A back pressure washing step of removing the filtered matter clogging the separation membrane in the filtration step with washing water, and

a drainage step of discharging the washing waste liquid used for washing in the back-pressure washing step;

wherein,

the back-pressure washing step has at least a first back-pressure washing step of subjecting the separation membrane to back-pressure washing with washing water satisfying the following formulas (ii) and (iii);

4.0. ltoreq. membrane-filtered water has a pH of 6.5. ltoreq. i (i)

The pH of the washing water is less than or equal to 9.0(ii)

2. The water producing method according to claim 1,

in the first back-pressure washing step of the back-pressure washing process, a second pH adjusting agent is added to the membrane filtration water, thereby preparing washing water satisfying the formulas (ii) and (iii).

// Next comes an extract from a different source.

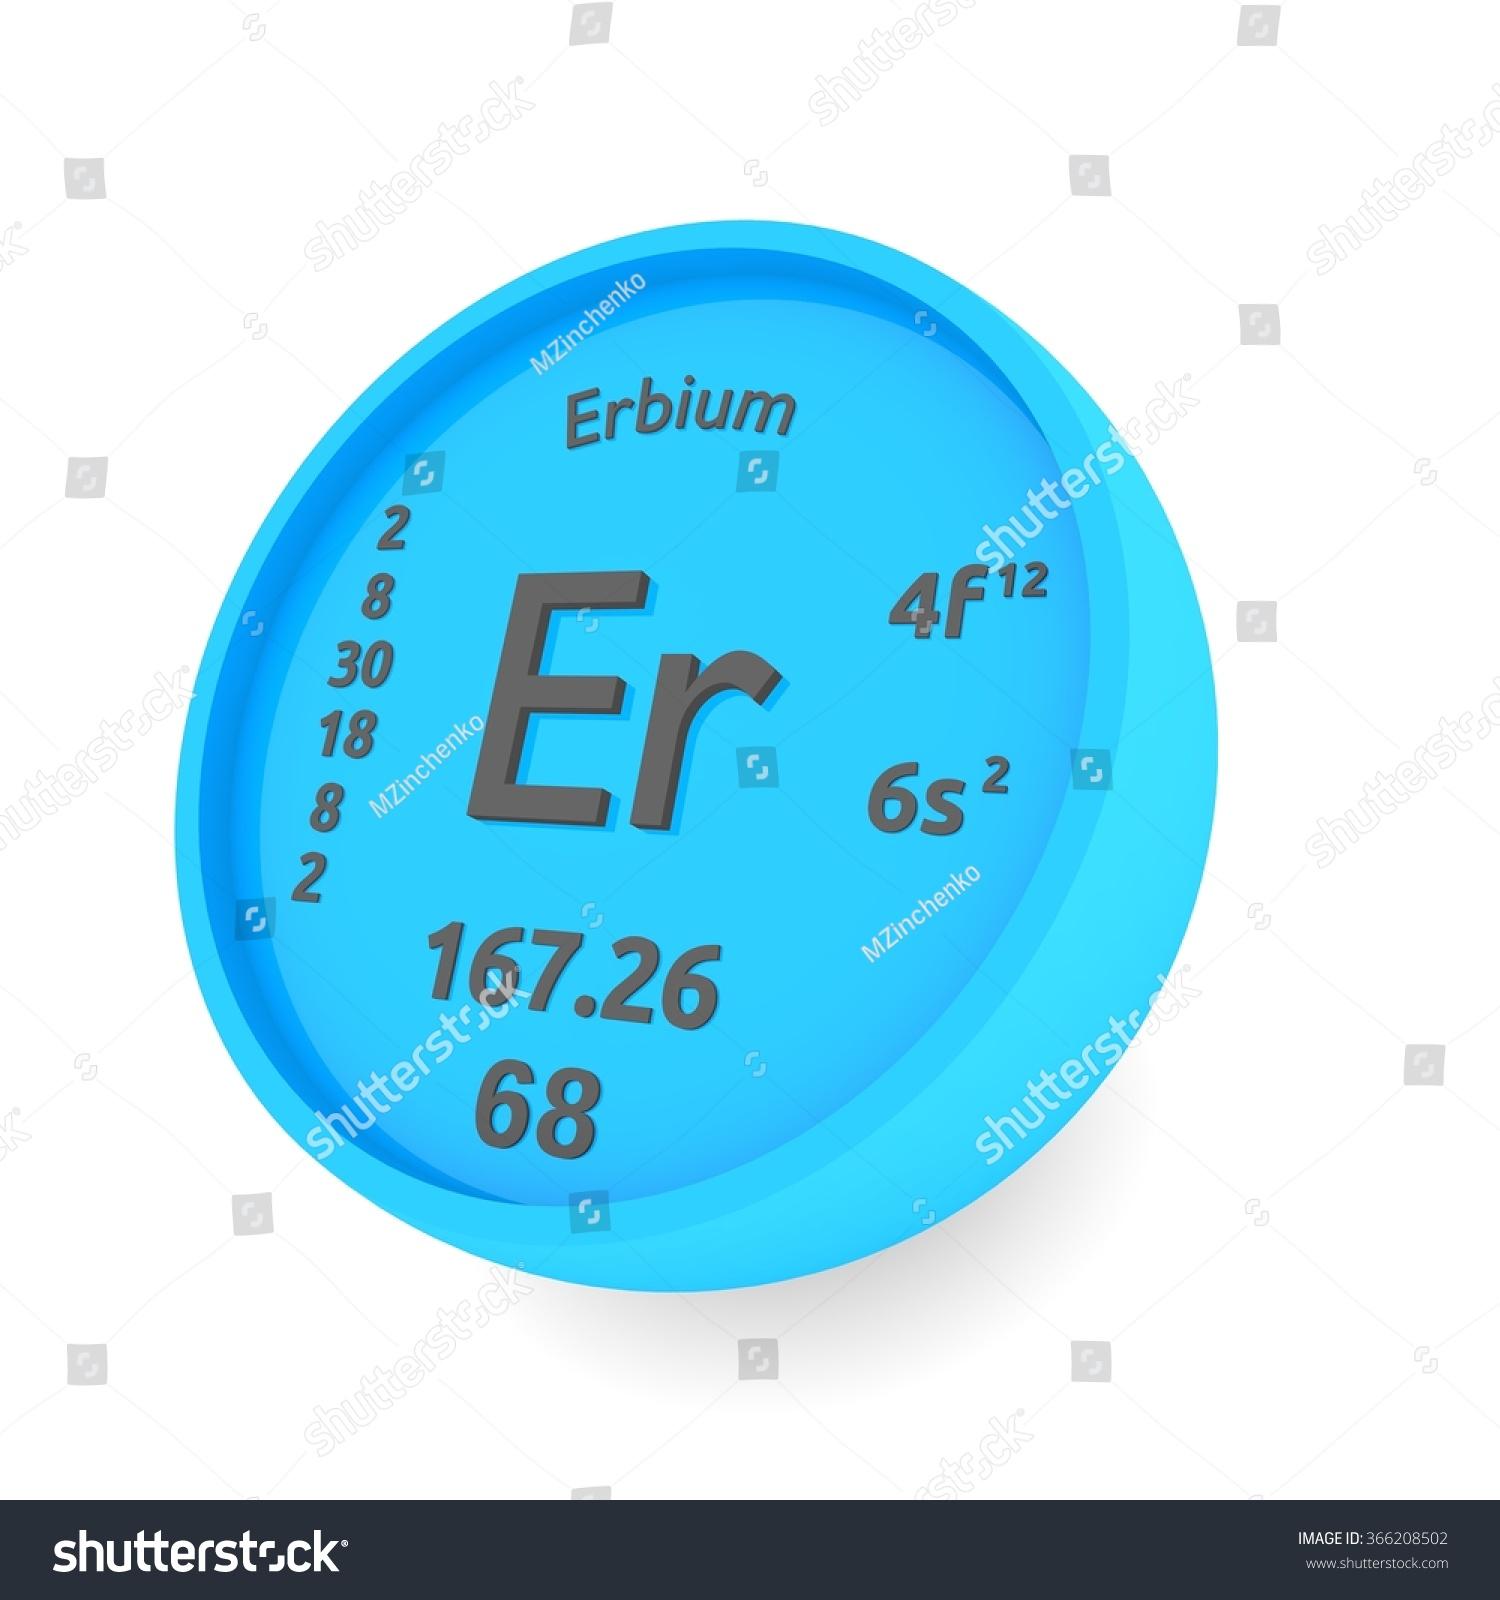 Erbium Chemical Element Sign Stock Illustration 366208502 Shutterstock

3. The water producing method according to claim 1 or 2,

after the first back-pressure washing step of the back-pressure washing step, there is a second back-pressure washing step of performing back-pressure washing using the membrane filtration water.

4. The water producing method according to any one of claims 1 to 3,

the first back-pressure washing step of the back-pressure washing step is performed while performing air washing in which gas is introduced into the primary side of the separation membrane module.

5. The water producing method according to claim 3,

the second back-pressure washing step of the back-pressure washing step is performed while performing air washing by introducing gas to the primary side of the separation membrane module.

6. The water producing method according to any one of claims 1 to 5,

the membrane-filtered water producing step further includes a solid-liquid separation step of obtaining solid-liquid separated water after the flocculation step.

7. The water producing method according to claim 6,

injecting a pH adjusting agent into the solid-liquid separation water, and setting the pH in each step and/or step so as to satisfy the following formulas (iv) to (vi):

pH of the Membrane-filtered Water-pH of the Pre-treated Water ≥ 1.0 · (v)

The pH value of the membrane filtered water is less than or equal to 7.5 (vi).